BRIEF DESCRIPTION OF THE DRAWINGS
[0024] The accompanying drawings, which are incorporated herein, and constitute a part of this disclosure, illustrate exemplary embodiments of the disclosed methods and systems in which like reference numerals refer to the same parts throughout the different drawings. Components in the drawings are not necessarily to scale, emphasis instead being placed upon clearly illustrating the principles of the present disclosure. Some drawings may indicate the components using block diagrams and may not represent the internal circuitry of each component. It will be appreciated by those skilled in the art that disclosure of such drawings includes the disclosure of electrical components, electronic components or circuitry commonly used to implement such components.
[0025] FIG. 1 illustrates an exemplary network architecture (100) in which or with which a proposed system may be implemented, in accordance with an embodiment of the present disclosure.
[0026] FIG. 2 illustrates an exemplary block diagram (200) of the proposed system for automated dataset generation, in accordance with an embodiment of the present disclosure.

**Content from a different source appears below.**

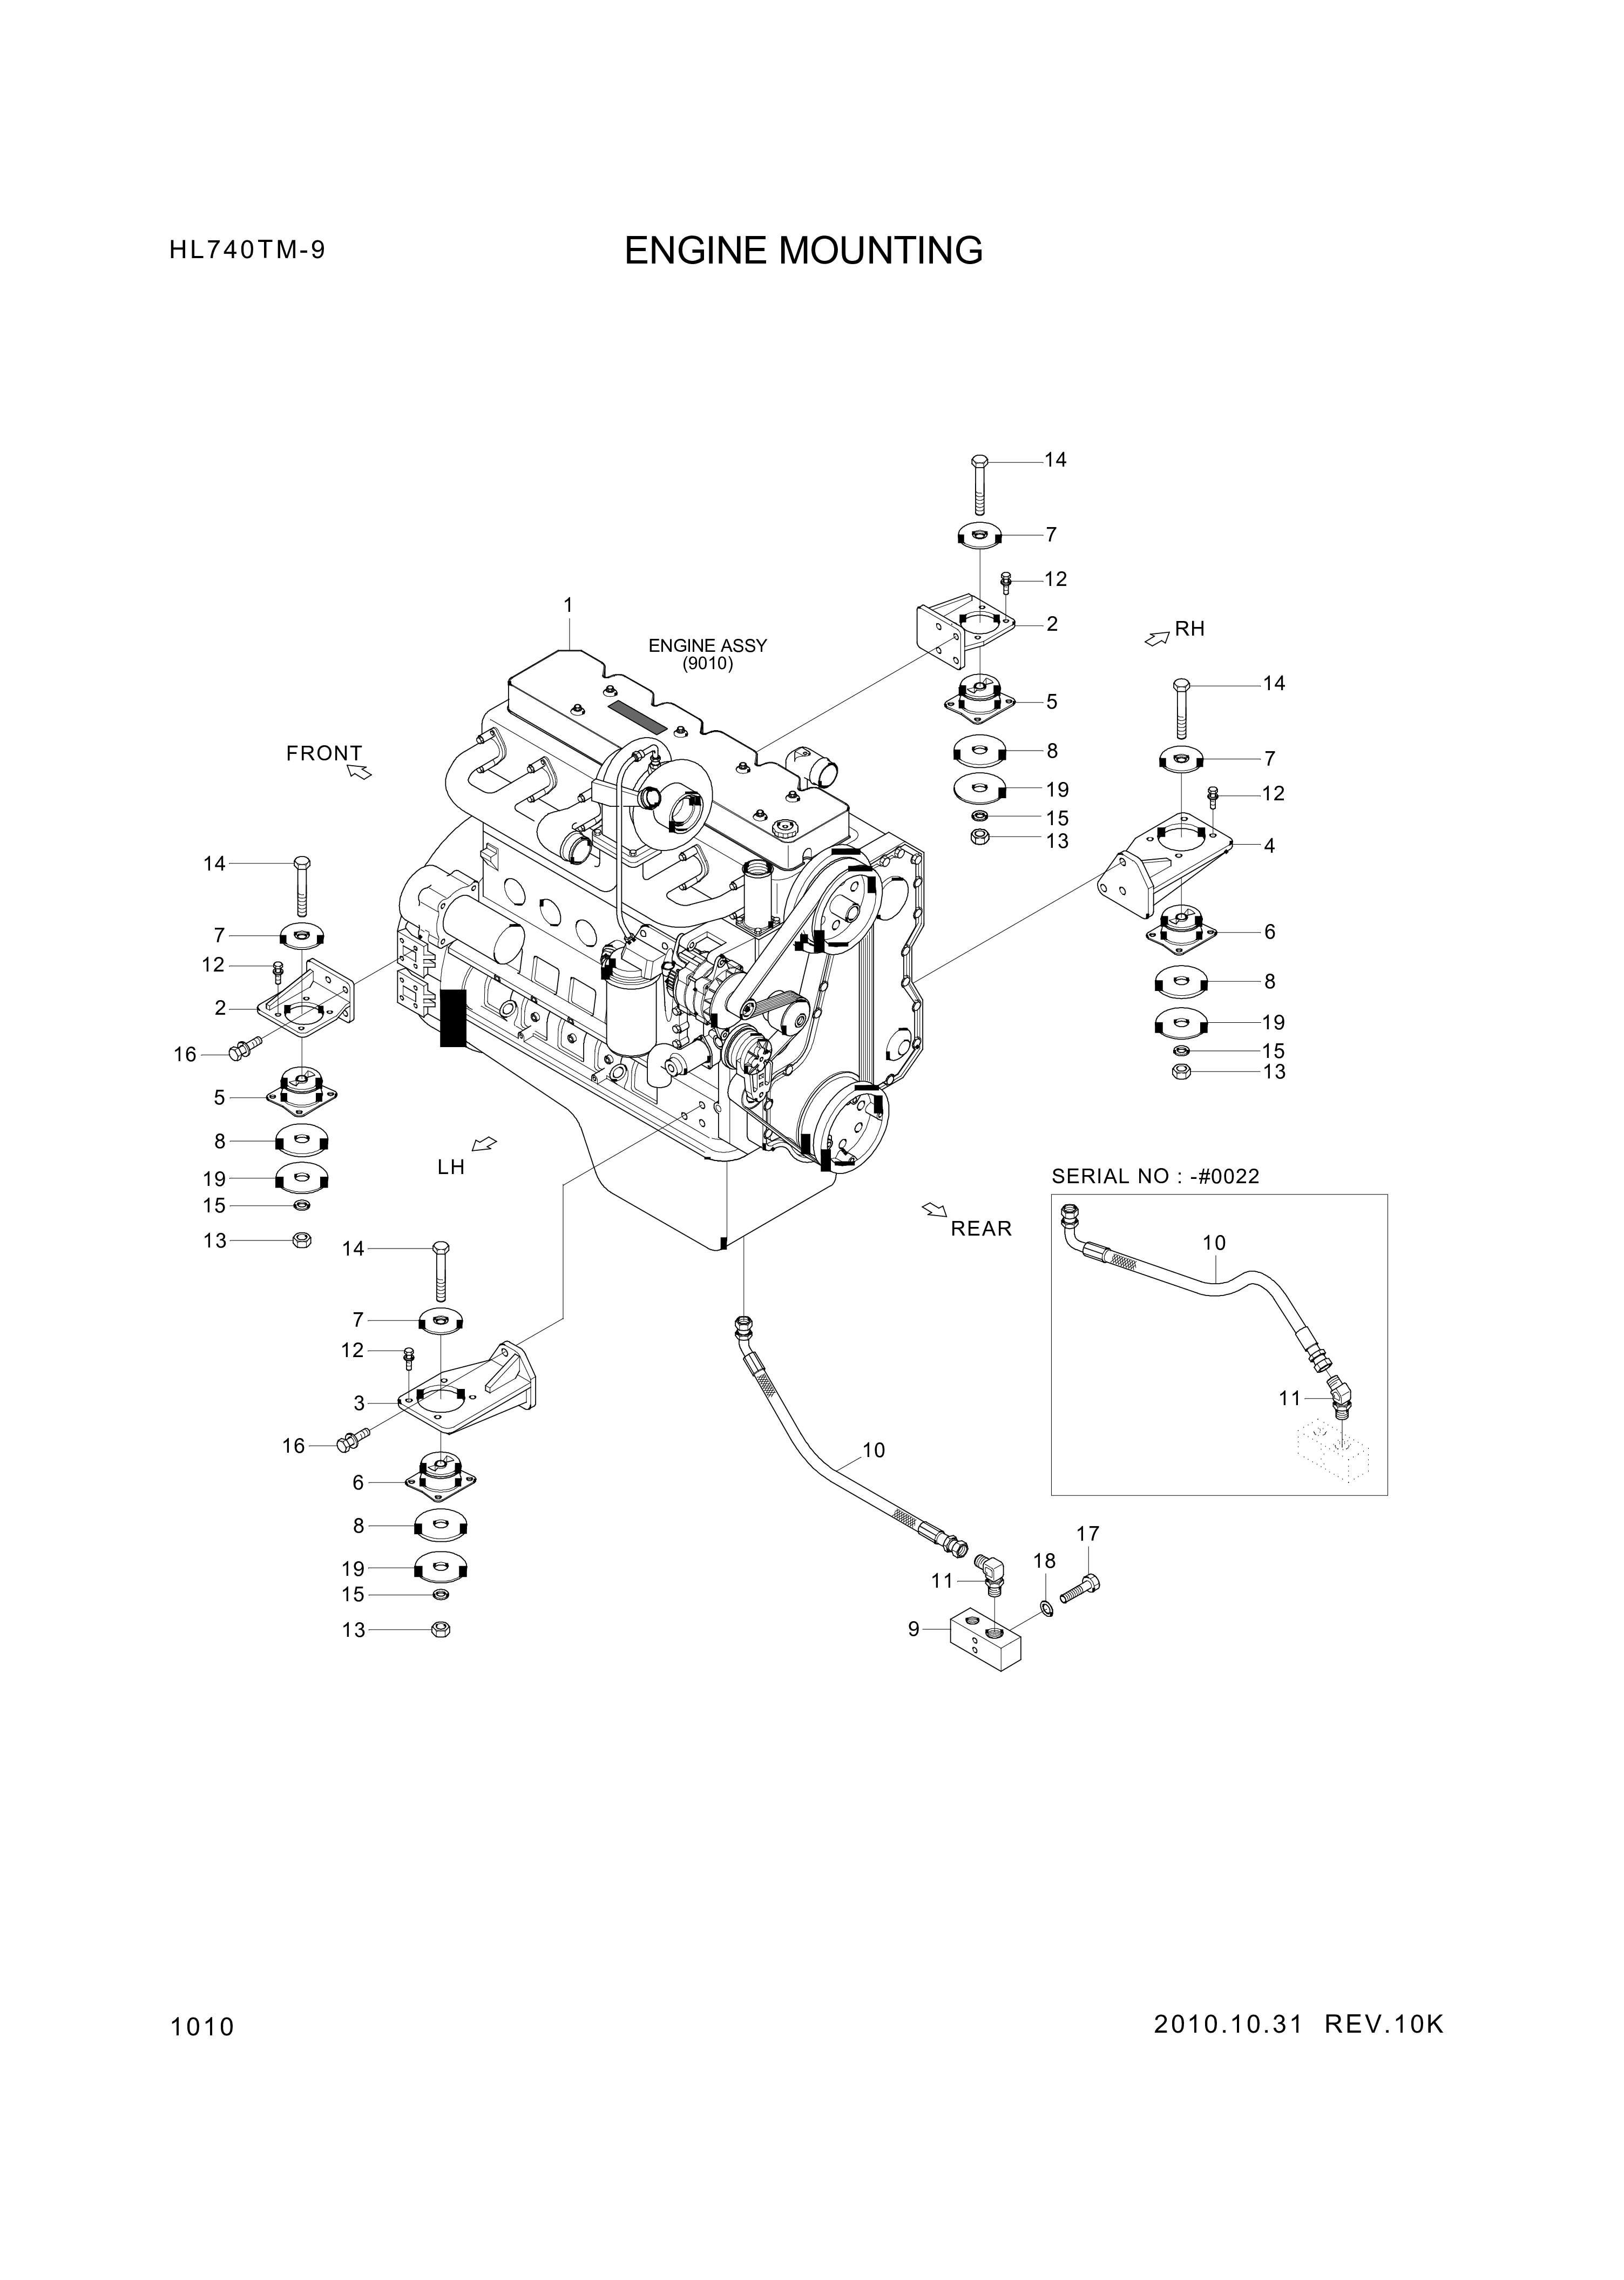 drawing for Hyundai Construction Equipment 11LN-00011 - ENGINE ASSY (figure 1)

[0027] FIG. 3 illustrates an exemplary representation (300) of an object detection model for a sports activity, in accordance with an embodiment of the present disclosure.
[0028] FIG. 4 illustrates an exemplary flow chart of a method (400) for automatically generating a dataset, in accordance with an embodiment of the present disclosure.
[0029] FIG. 5 illustrates an exemplary flow chart of a method (500) for finding an initial start frame and an initial end frame for generating a dataset, in accordance with an embodiment of the present disclosure.
[0030] FIG. 6 illustrates an exemplary flow chart of a method (600) for finding a new start frame and a new end frame for generating a dataset, in accordance with an embodiment of the present disclosure.
[0031] FIG. 7 illustrates an exemplary frame diagram (700) with initial start and end frames, and new start and end frames, in accordance with an embodiment of the present disclosure.
[0032] FIG. 8 illustrates an exemplary computer system (800) in which or with which embodiments of the present disclosure may be implemented.
[0033] The foregoing shall be more apparent from the following more detailed description of the disclosure.

DETAILED DESCRIPTION
[0034] In the following description, for the purposes of explanation, various specific details are set forth in order to provide a thorough understanding of embodiments of the present disclosure. It will be apparent, however, that embodiments of the present disclosure may be practiced without these specific details. Several features described hereafter can each be used independently of one another or with any combination of other features. An individual feature may not address all of the problems discussed above or might address only some of the problems discussed above. Some of the problems discussed above might not be fully addressed by any of the features described herein.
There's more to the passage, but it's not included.